Recall: the work integral in differential form
$$\int_C\vec F\cdot d\vec r = \int_C\left( M\,dx + N\,dy \right) \nonumber$$

Substituting $$M$$ and $$N$$ from the gradient field into the work integral \renewcommand{dv}{\frac{d #1}{d #2}} \renewcommand{pdv}{\frac{\partial #1}{\partial #2}} \begin{align} \int_C \nabla f\cdot d\vec r &= \int_C \pdv{f}{x}dx+\pdv{f}{y}dy \nonumber \\ &= \int_C \underline{ \left(\pdv{f}{\color{red} x}\dv{\color{red}x}{t} + \pdv{f}{\color{blue}y}\dv{\color{blue}y}{t}\right)}\,dt \label{eq:subgrad} \end{align}

Recall: the multivariable calculus chain rule

$$\renewcommand{dv}{\frac{d #1}{d #2}} \renewcommand{pdv}{\frac{\partial #1}{\partial #2}} \dv{}{t}\,f\left(\,\color{red}x(t),\,\color{blue}y(t)\,\right) = \pdv{f}{\color{red}x}\frac{d\color{red}x}{dt}\,+\, \pdv{f}{\color{blue}y}\frac{d\color{blue}y}{dt} \nonumber$$

Substitute the reverse chain rule to equation $$\eqref{eq:subgrad}$$, and integrate the differential of a function \renewcommand{dv}{\frac{d #1}{d #2}} \renewcommand{pdv}{\frac{\partial #1}{\partial #2}} \begin{align*} \int_C \nabla f\cdot d\vec r &= \int_{t_0}^{t_1} \dv{}{t} f\color{grey}{\big(\,x(t),\,y(t)\,\big)}\,dt = \int_{t_0}^{t_1} f\color{grey}{\big(\,x(t),\,y(t)\,\big)} \end{align*}

By the fundamental theorem of calculus $$\eqref{eq:fndcalc}$$ \renewcommand{dv}{\frac{d #1}{d #2}} \renewcommand{pdv}{\frac{\partial #1}{\partial #2}} \begin{align*} \int_C \nabla f\cdot d\vec r &= f\color{grey}{\big(\,x(t_1),\,y(t_1)\,\big)} – f\color{grey}{\big(\,x(t_0),\,y(t_0)\,\big)} \end{align*}

With the points \left\{ \begin{align*} P_0 &= \big(\,x(t_0),\,x(t_0)\,\big) \\ P_1 &= \big(\,x(t_1),\,x(t_1)\,\big) \end{align*} \right.

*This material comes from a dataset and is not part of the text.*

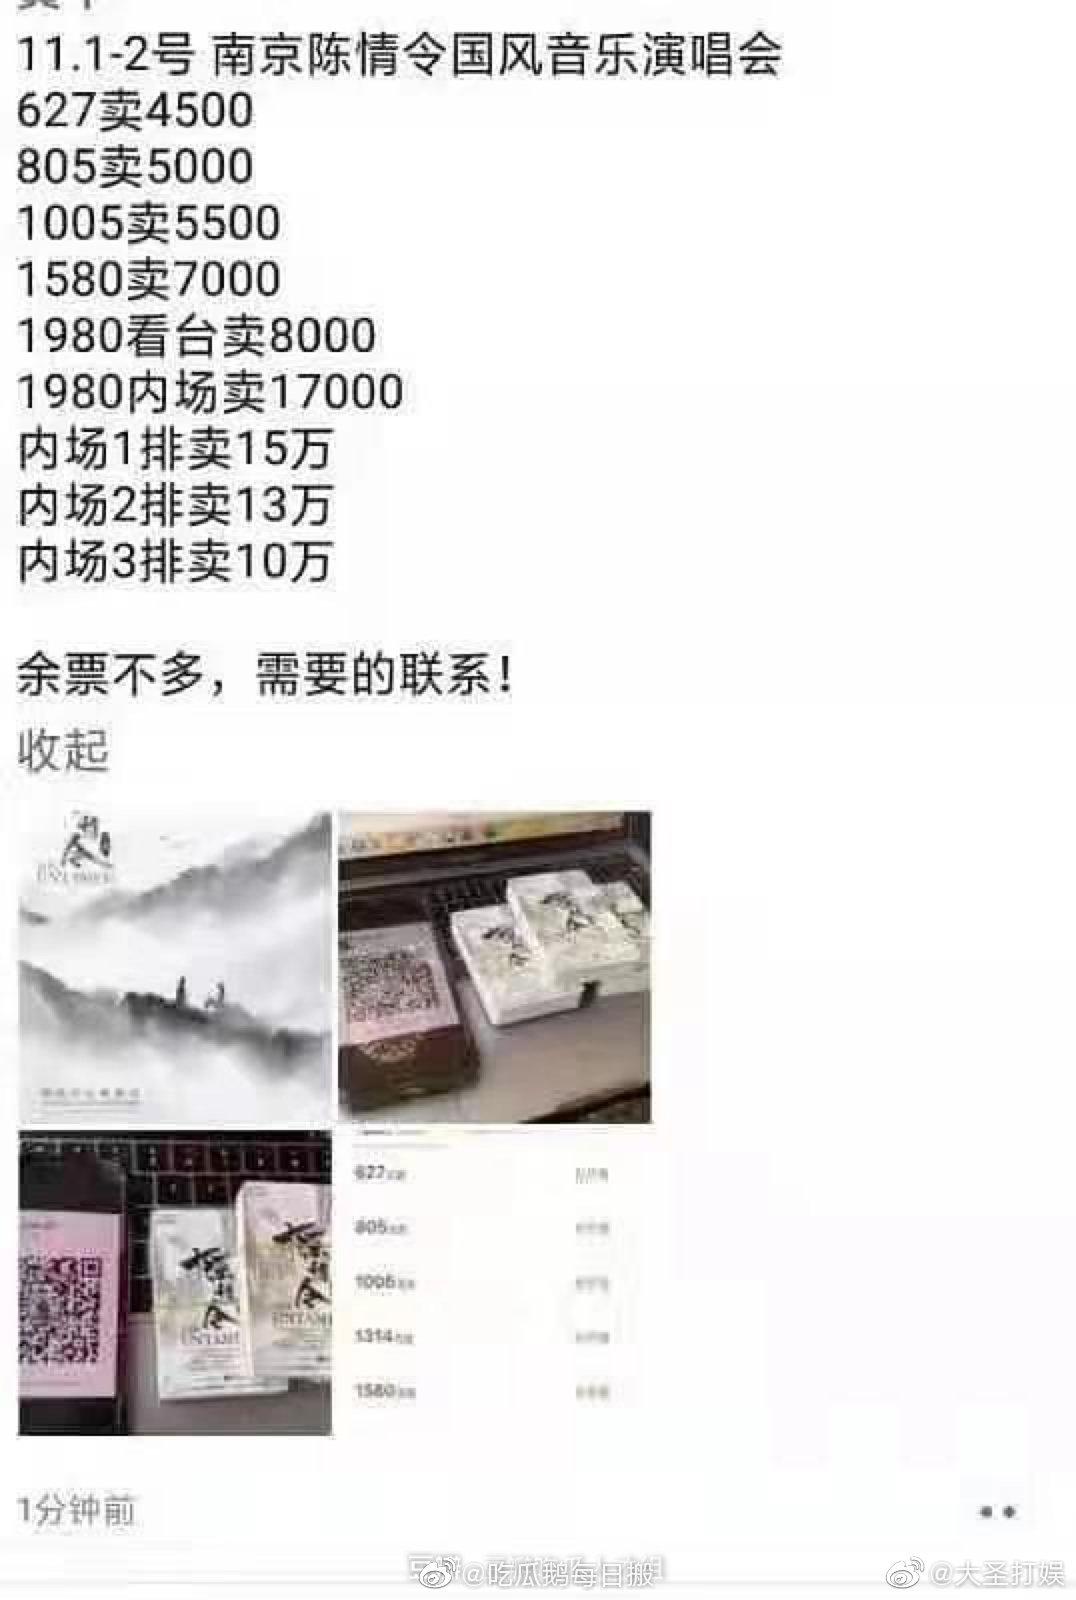 《陈情令》演唱会内场门票已经被炒到15万王一博肖战人气太高了吧

So, the work done in gradient field $$f$$ can be expressed as the difference in potential $$\renewcommand{dv}{\frac{d #1}{d #2}} \renewcommand{pdv}{\frac{\partial #1}{\partial #2}} \shaded{ \int_C \nabla f\cdot d\vec r = f(P_1)-f(P_0) }$$

### Physics (using math notation)

A lot of forces are gradients of potentials such as the electric force and the gravitational force. However, magnetic fields are not gradients.

The work done by the electrical (or gravitational) force, is given by the change of the potential energy from the starting point to the ending point.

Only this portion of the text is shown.